In the illustrated embodiment, the cooling system 104 can utilize fluid coolant in the form of water vapor, fog or gaseous fuel from the fuel supply system 117, and/or other gases produced in the TCR system, as described further below. In some embodiments, the cooling system 104 can operate a refrigeration cycle that compresses and expands a dedicated coolant to drive a cooling cycle. In other embodiments, the coolant in the cooling system 104 can include exhaust products from the gas turbine 100 or other gases (e.g., methane, carbon monoxide, ammonia or nitrogen). Furthermore, in addition to extending through one or more stators 111 and/or a portion of the casing 101, the internal coolant line 139 can extend through dedicated heat exchangers or other components positioned to remove heat from air passing through the compressor section 108.
The cooling system 104 can also include an injection port 113 to provide direct cooling within the airflow of the compressor section 108. In the illustrated embodiment, the injection port 113 is operably coupled to the fuel supply system 117 and the TCR system 102 via the conduits 114 and headers 118. The injection port 113 can receive fluids including gaseous fuels from the fuel supply system 117 and/or from the TCR system 102 and expand them into the compressor section 108, resulting in a temperature drop for the expanded fuels. The cooled fuel can thus decrease the temperature of the airflow, increasing the efficiency of the compressor section 108. In addition to, or in place of, fuel from the fuel supply system 117 or the TCR system 102, other cooling gases can be directed through the injection port 113 and into the air flow of the compressor section 108. For example, carbon monoxide, ammonia, nitrogen and/or other gases can be injected into the compressor section 108 to provide cooling.
The exhaust section 128 can include a variety of components that can extract energy from the flow of gases and/or capture exhaust products from the gas stream. For example, in the illustrated embodiment the exhaust section 128 includes a plurality of helical fins 132 having fin tubes 133 extending therethrough. Fluid such as fuel and/or water can be directed through the fin tubes 133 of the fins 132, which collectively comprise a counter-current heat exchanger, to cool the exhaust stream and pre-heat the fuel and/or water. The pre-heated fuel and/or water can be directed to the TCR system 102 for TCR conversion, as further described below.
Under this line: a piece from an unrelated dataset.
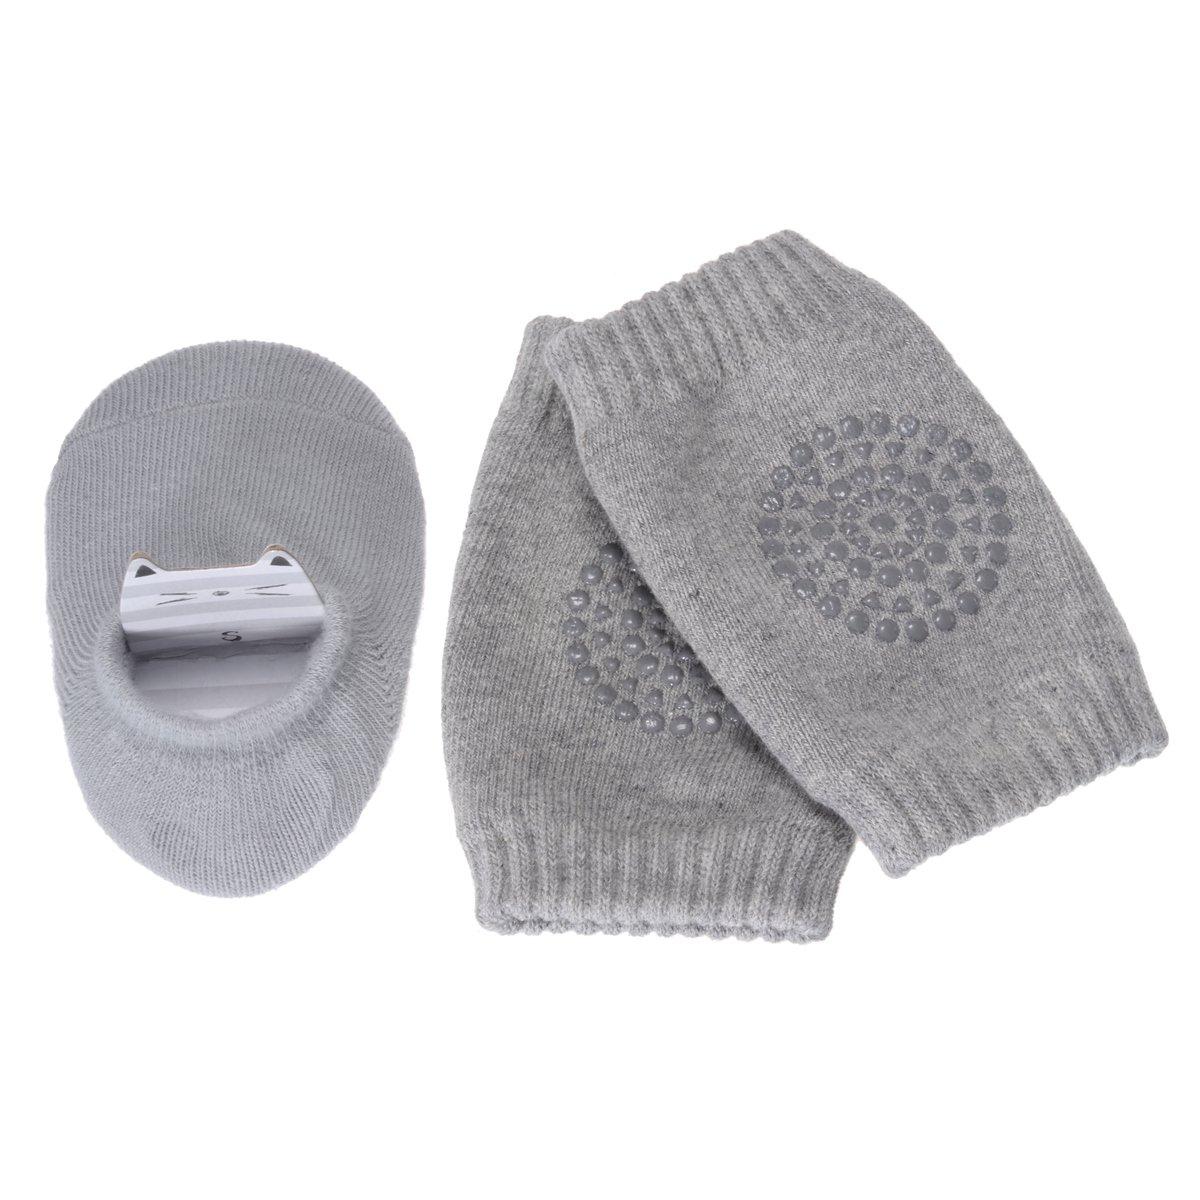 Pchero Unisexe bébé nouveau-né Infant mince antidérapant mignon Chaussettes + tout-petit bébé Genouillères rampants de sécurité Protector–0à 24mois BB011

In addition to the helical fins 132, the exhaust section 128 can include an exducer 135 positioned to capture or otherwise extract substances such as water from the exhaust stream. In the illustrated embodiment, the exducer 135 includes a plurality of stator volutes 127 having cooling channels 134. Coolant fluids can be directed through the coolant channels 134 to cool the stator volutes and the exhaust stream flowing over them. Illustratively, water in the exhaust stream can condense on the stator volutes 127 and be directed to a water reservoir 116 via a collector 136 and a conduit 114. Although the exducer 135 in the illustrated embodiment includes a plurality of stator volutes 127, in other embodiments, the exducer 135 can include a rotor that slings condensates such as water out of the exhaust stream to the collector 136 for delivery to the reservoir 116.
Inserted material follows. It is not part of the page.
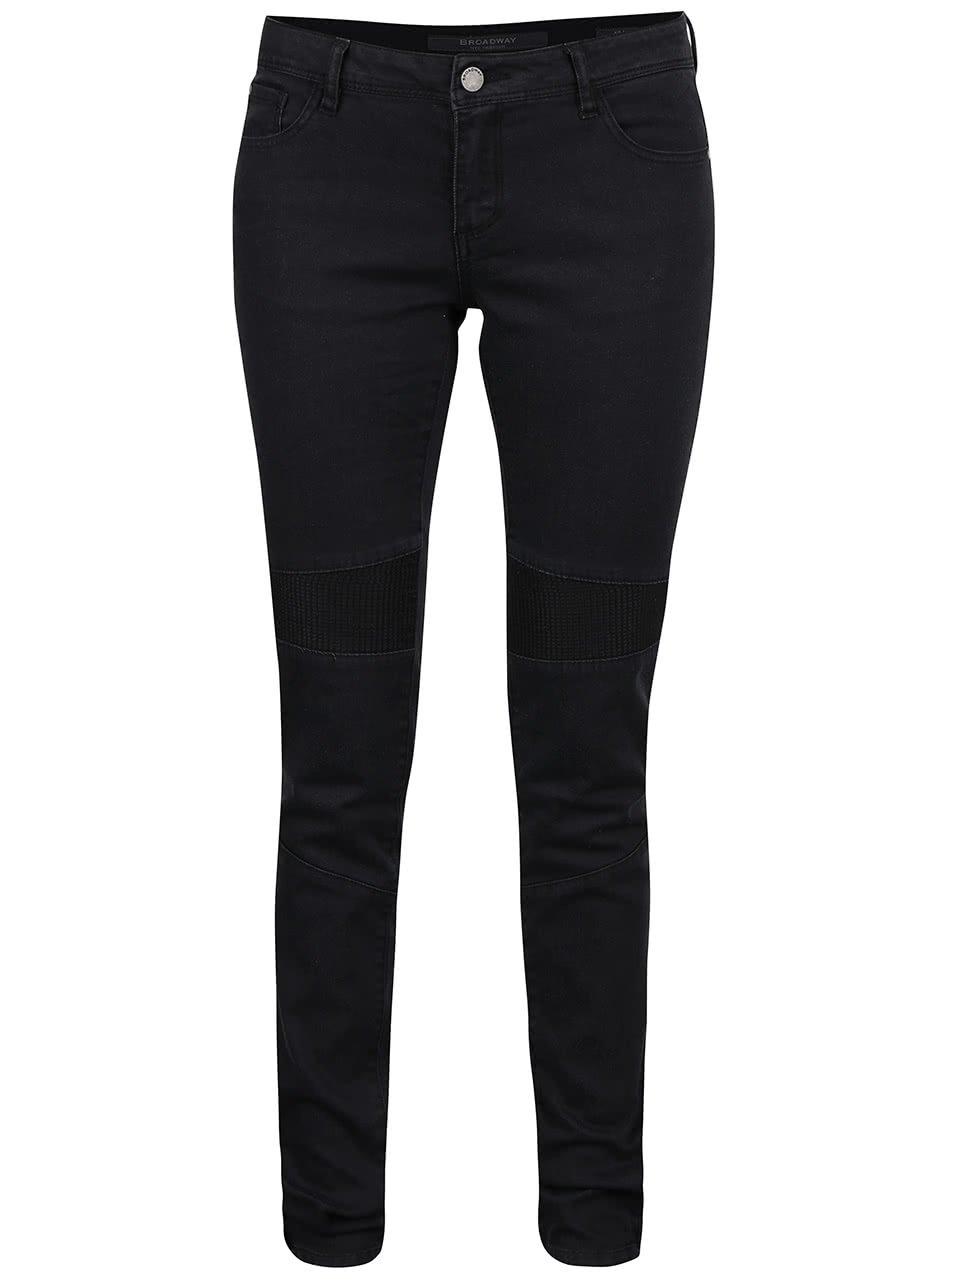 Černé dámské skinny džíny Broadway Jane

The exducer 135 can be cooled by circulation of cool incoming fuel and/or precooled water through coolant channels 134 within each stator 137 or rotor. For example, the coolant channels 134 can be operably coupled to the fuel supply system 117 and/or the cooling system 104. Fuel that is directed through the coolant channels 134 to cool the exducer 135 for water removal can be subsequently directed to the fuel supply system 117, to the compressor section 108 or the combustion section 110 for combustion, and/or to the TCR system 102 for TCR conversion, as further described below.
Gas turbines configured in accordance with embodiments of the present disclosure can utilize a variety of gases that undergo JT cooling during expansion. For example, hydrocarbon gases such as natural gas, ethane and propane, and other fluids such as ammonia, carbon dioxide, carbon monoxide, water vapor or steam, oxygen, and nitrogen can be employed to provide increased efficiency. In some embodiments, these and/or other fluids can be provided to the gas turbine 100 from an external source. In several embodiments, however, these gases can be produced by the gas turbine 100, or components or systems thereof. Equations 1-5 (below) represent various reactions that can occur within components or systems of the gas turbine 100, as further described below. Reaction products from equations 1-5 can be used to provide cooling within the gas turbine 100 via expansive JT cooling, as described above.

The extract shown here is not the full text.